A chuva tinha passado, o céu clareou, e o amanhecer de outono sobre Chang'an estava limpo e brilhante por dezenas de milhares de li, tão azul como se tivesse acabado de ser bem lavado. A doce essência de flores de jasmim-do-imperador viajou com a brisa enquanto Hongjun chutava o tronco de uma árvore de guarda-sol, e a chuva armazenada nas folhas durante a noite se espalhou. Ele usou a água para lavar seu rosto e então bebeu um pouco também, antes de colher duas folhas, colocá-las próximas à sua boca e soprar para produzir um som.
"O que devemos fazer...?" o yao carpa lamentou, todo embrulhado na bagagem, com uma expressão como se o céu estivesse caindo.
"Esse lugar realmente é grande." Hongjun esfregou a região do estômago, antes de continuar, "Vamos comer primeiro, depois decidimos."
"Eu não vou mais comer minhocas," o yao carpa adicionou.
"Vamos procurar um pouco de carne pra comer," Hongjun disse. "Pensaremos em um plano pra seguirmos aos poucos. Ah, como é possível sermos tão azarados nessa jornada? Hein? O que é aquilo?"
Hongjun tinha uma disposição jovial no coração, e após descer a montanha e ver esse fascinante mundo humano, ele imediatamente jogou todos os seus problemas para o fundo de sua mente enquanto pegava algumas moedas de cobre e entrava no mercado para comprar comida. O yao carpa o lembrou mais uma vez, "Por que você tem comido tudo o que encontra pela frente depois de descer a montanha? Tenha cuidado pra não comer algo ruim e ter um desarranjo no estômago."

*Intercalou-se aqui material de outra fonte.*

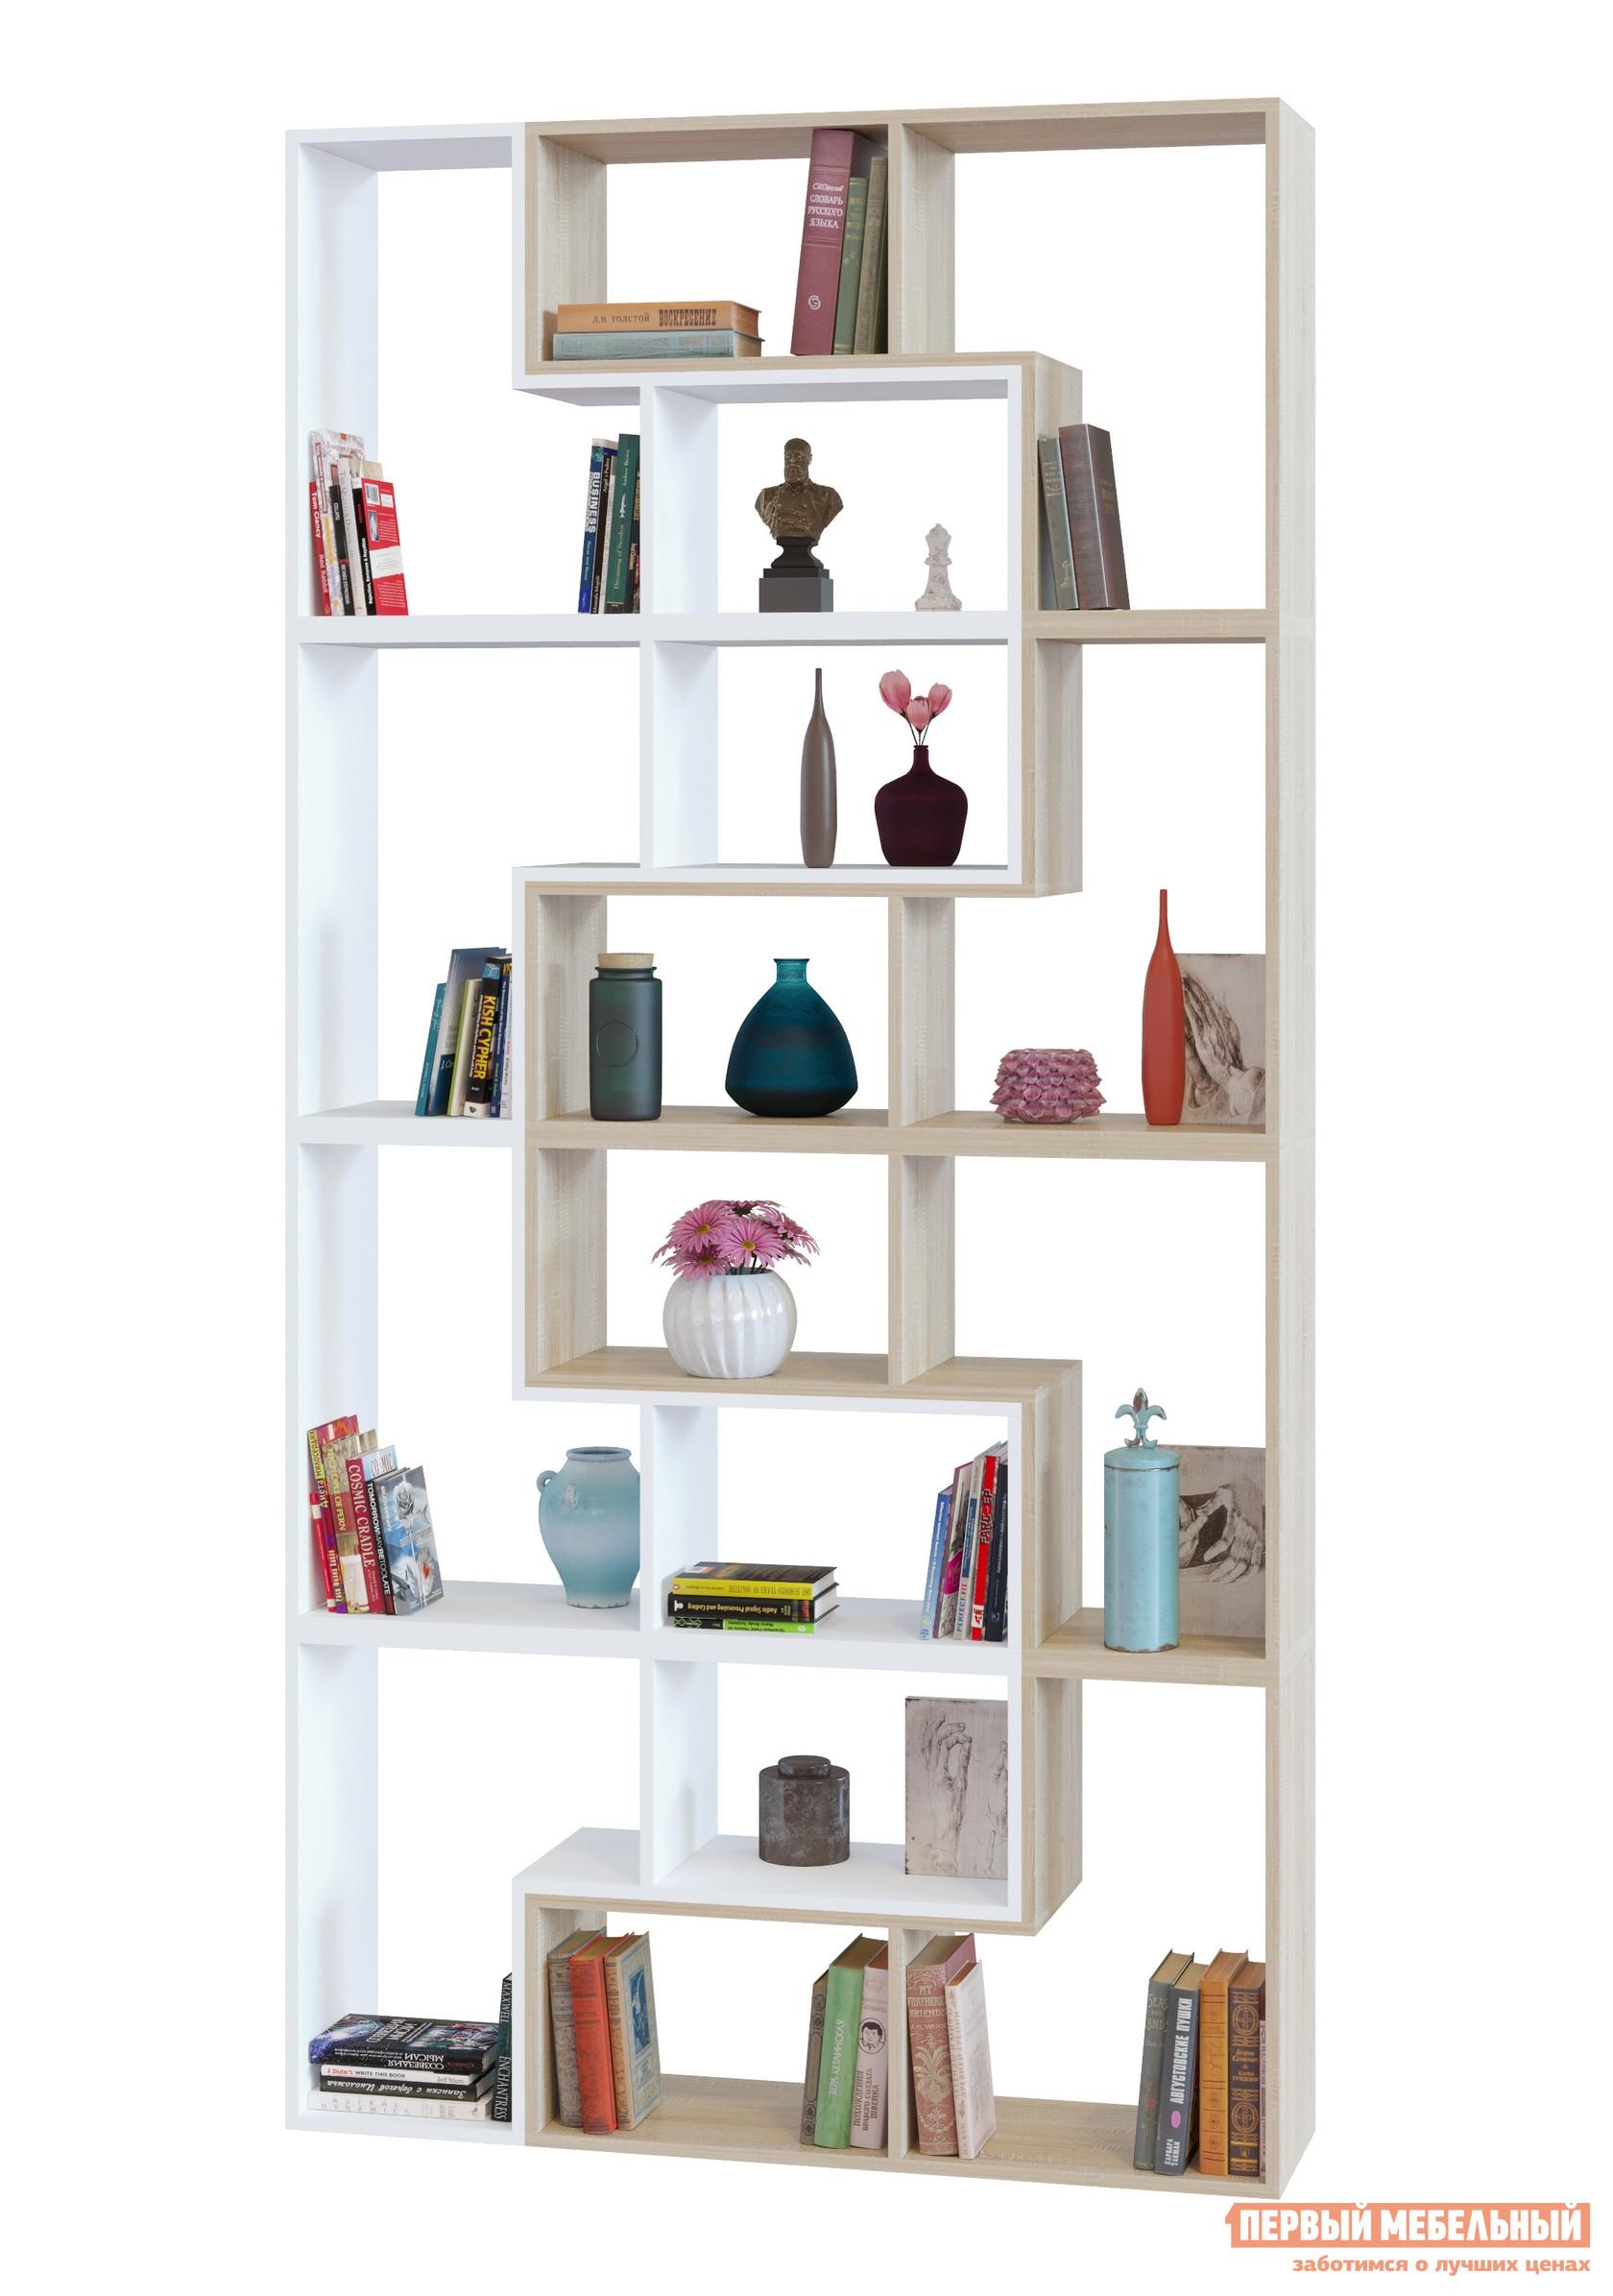 Стеллаж Сокол ПК-9, 8 шт. вариант 3 Дуб Сонома / БелыйСтеллажи<br>Габаритные размеры ВхШхГ 2400x1200x296 мм. Высокий открытый стеллаж ПК-9, 8 шт.  вариант 3 идеален для создания библиотеки в гостиной, в молодежной комнате или в домашнем кабинете.  Большое количество полок разных размеров позволяют расставить разнокалиберные книги с удобным к ним доступом.  Все корешки будут видны и вы сразу сможете найти нужное издание. Этот стеллаж можно собрать из модульных элементов четырех цветовых решений: Венге, Белый, Беленый дуб и Дуб сонома: в однотонном варианте или комбинируя цвета.  При оформлении заказа просто укажите сколько модульных деталей и в каком цвете вам потребуется, чтобы собрать уникальный стеллаж для вашего дома. Изделие выполняется из ЛДСП толщиной 16 мм, края обработаны кромкой ПВХ 0,4 мм.  Стеллаж устанавливается на пластиковые опоры. Обратите внимание! Модули стеллажа соединяются между собой с помощью межсекционных стяжек, которые входят в комплект фурнитуры.  Для соединения модулей между собой необходимо просверлить отверстия диаметром 5 мм в тех деталях, которые будут соприкасаться плоскостями.  Для сверления точных отверстий рекомендуется использовать струбцину. Стеллаж не предусмотрен для зонирования пространства.  Для устойчивости стеллаж необходимо крепить к стене при помощи монтажных уголков, которые входят в комплект фурнитуры.  При заказе услуги сборки нашими специалистами крепление к стене включено в общую стоимость сборки.   Рекомендуем сохранить инструкцию по сборке (паспорт изделия) до истечения гарантийного срока.<br><br>Цвет: Белый<br>Цвет: Светлое дерево<br>Высота мм: 2400<br>Ширина мм: 1200<br>Глубина мм: 296<br>Кол-во упаковок: 8<br>Форма поставки: В разобранном виде<br>Срок гарантии: 2 года<br>Тип: Открытые<br>Тип: Книжные<br>Тип: Напольные<br>Тип: Модульные<br>Тип: Пристенные<br>Тип: Без задней стенки<br>Назначение: Для дома<br>Назначение: Для офиса<br>Материал: ЛДСП<br>Размер: Высокие<br>Модель: ПК-9

Mas Hongjun apenas apoiou um pé sobre um assento da barraca de comida, cuidadosamente pegou uma tigela de talharim e consumiu tudo. As comidas do mundo humano eram muito mais gostosas do que as do Palácio Yaojin. Frituras, grelhados, assados, havia todos os tipos de cozimento, e também havia cordeiro refogado com molho de soja, bolos de cinco cores, doces de arroz glutinoso cozidos a vapor. Não faziam essas coisas no Palácio Yaojin, e sua descida da montanha tinha sido às pressas, por isso ele só tinha rações.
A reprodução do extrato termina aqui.